* WHAT IS BEING ASKED *
Take the lines in the listing below from the line with "Aurora wedding dress by Elysee" up to and including the line with "Sheet of studies" and set them down exactly, skipping pictures and adding nothing.

* RECORDS TO PROCESS *
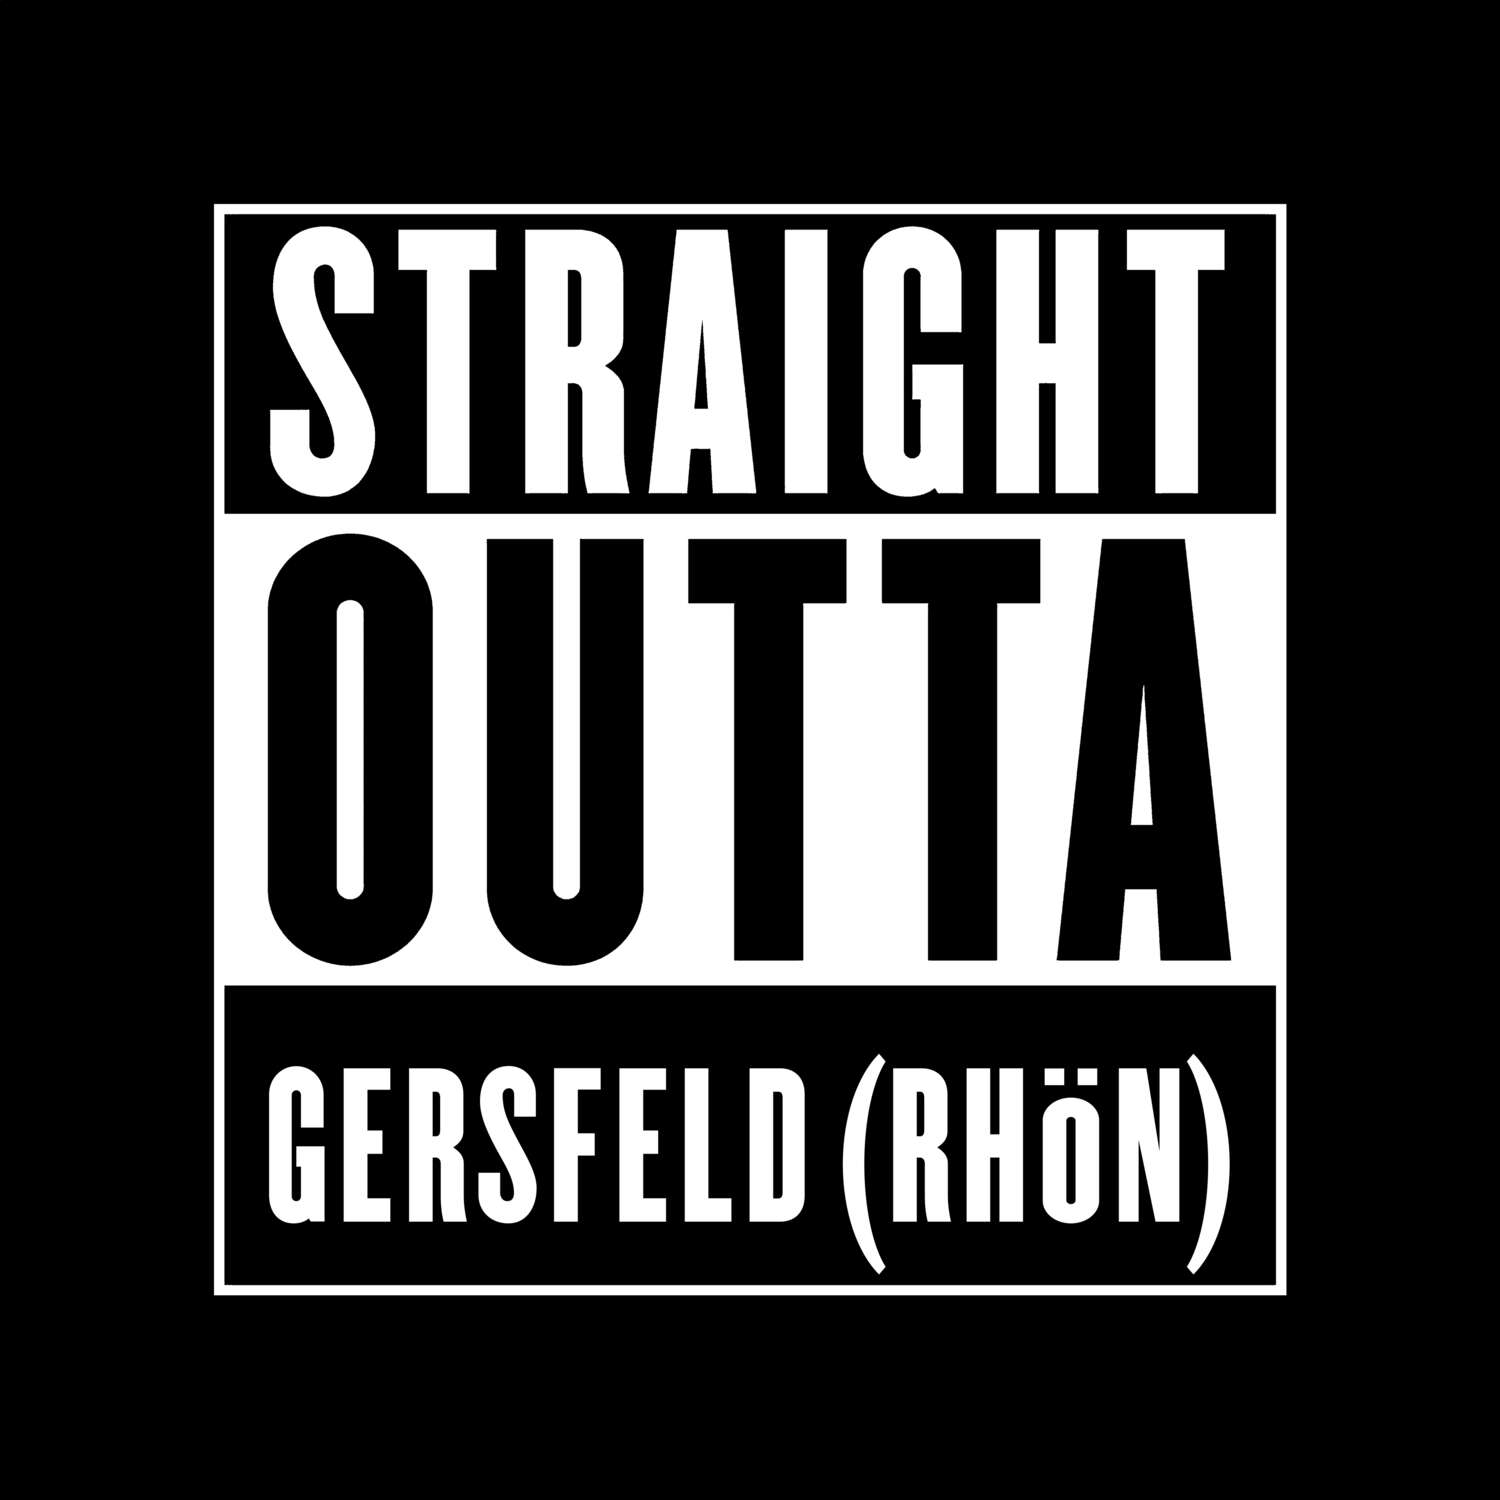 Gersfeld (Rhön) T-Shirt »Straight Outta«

--

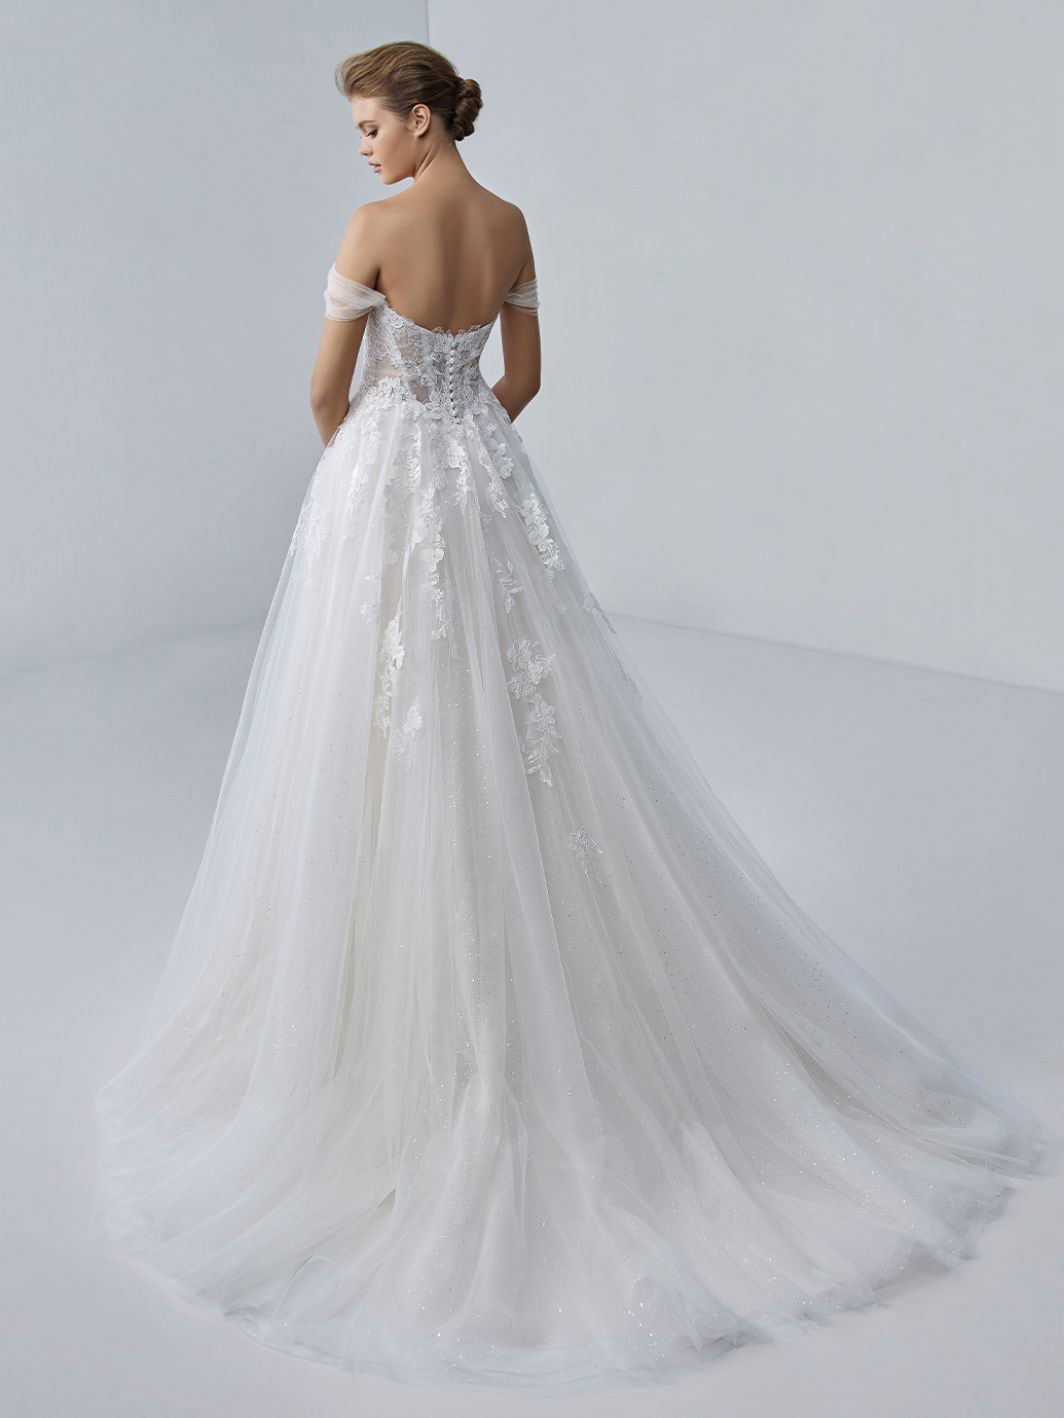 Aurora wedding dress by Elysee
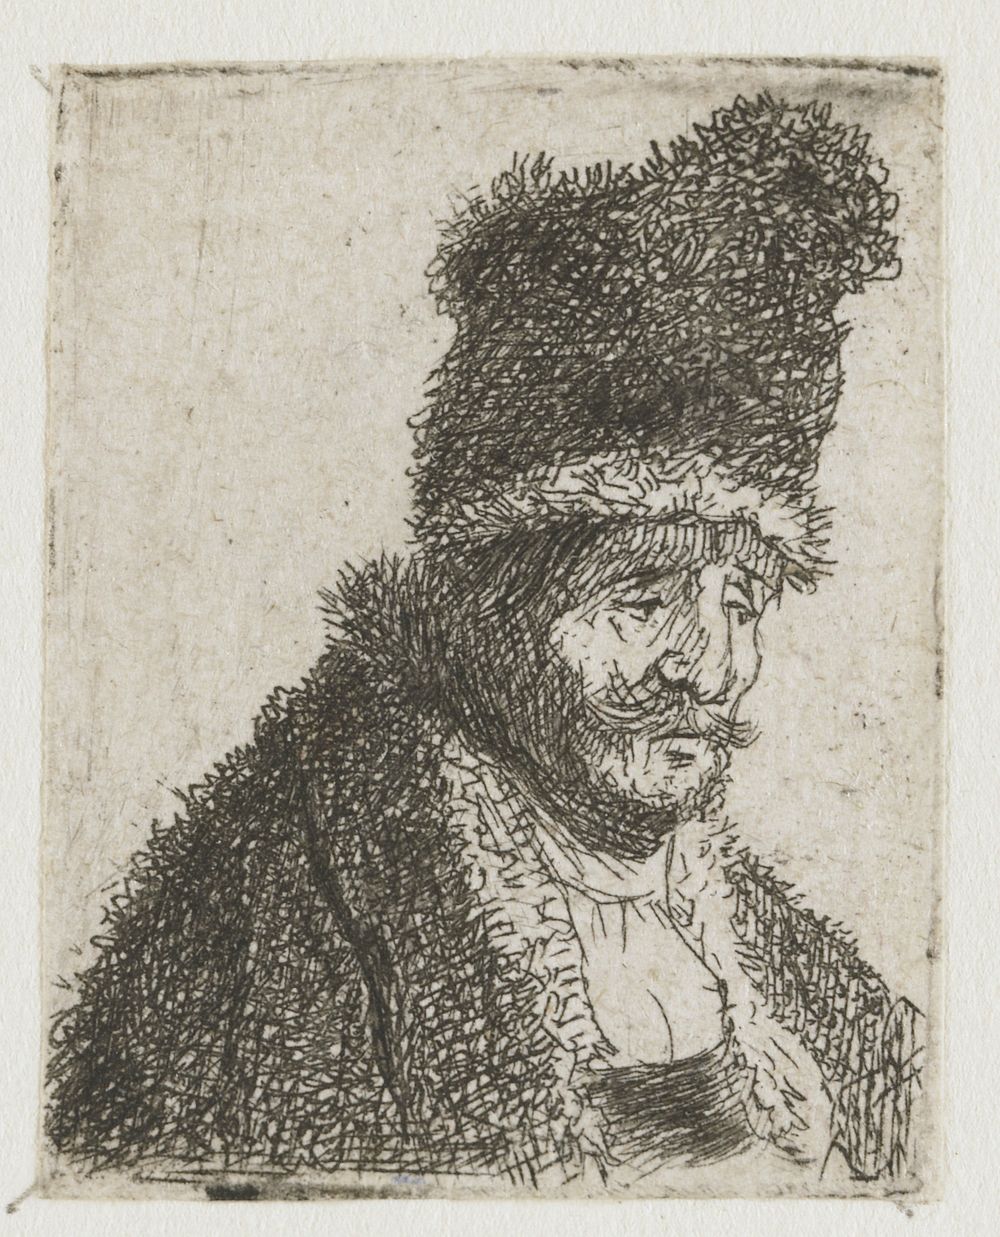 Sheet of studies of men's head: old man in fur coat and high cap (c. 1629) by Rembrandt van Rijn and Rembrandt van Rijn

* REPLY TO THE EXERCISE *
 Aurora wedding dress by Elysee
 Sheet of studies of men's head: old man in fur coat and high cap (c. 1629) by Rembrandt van Rijn and Rembrandt van Rijn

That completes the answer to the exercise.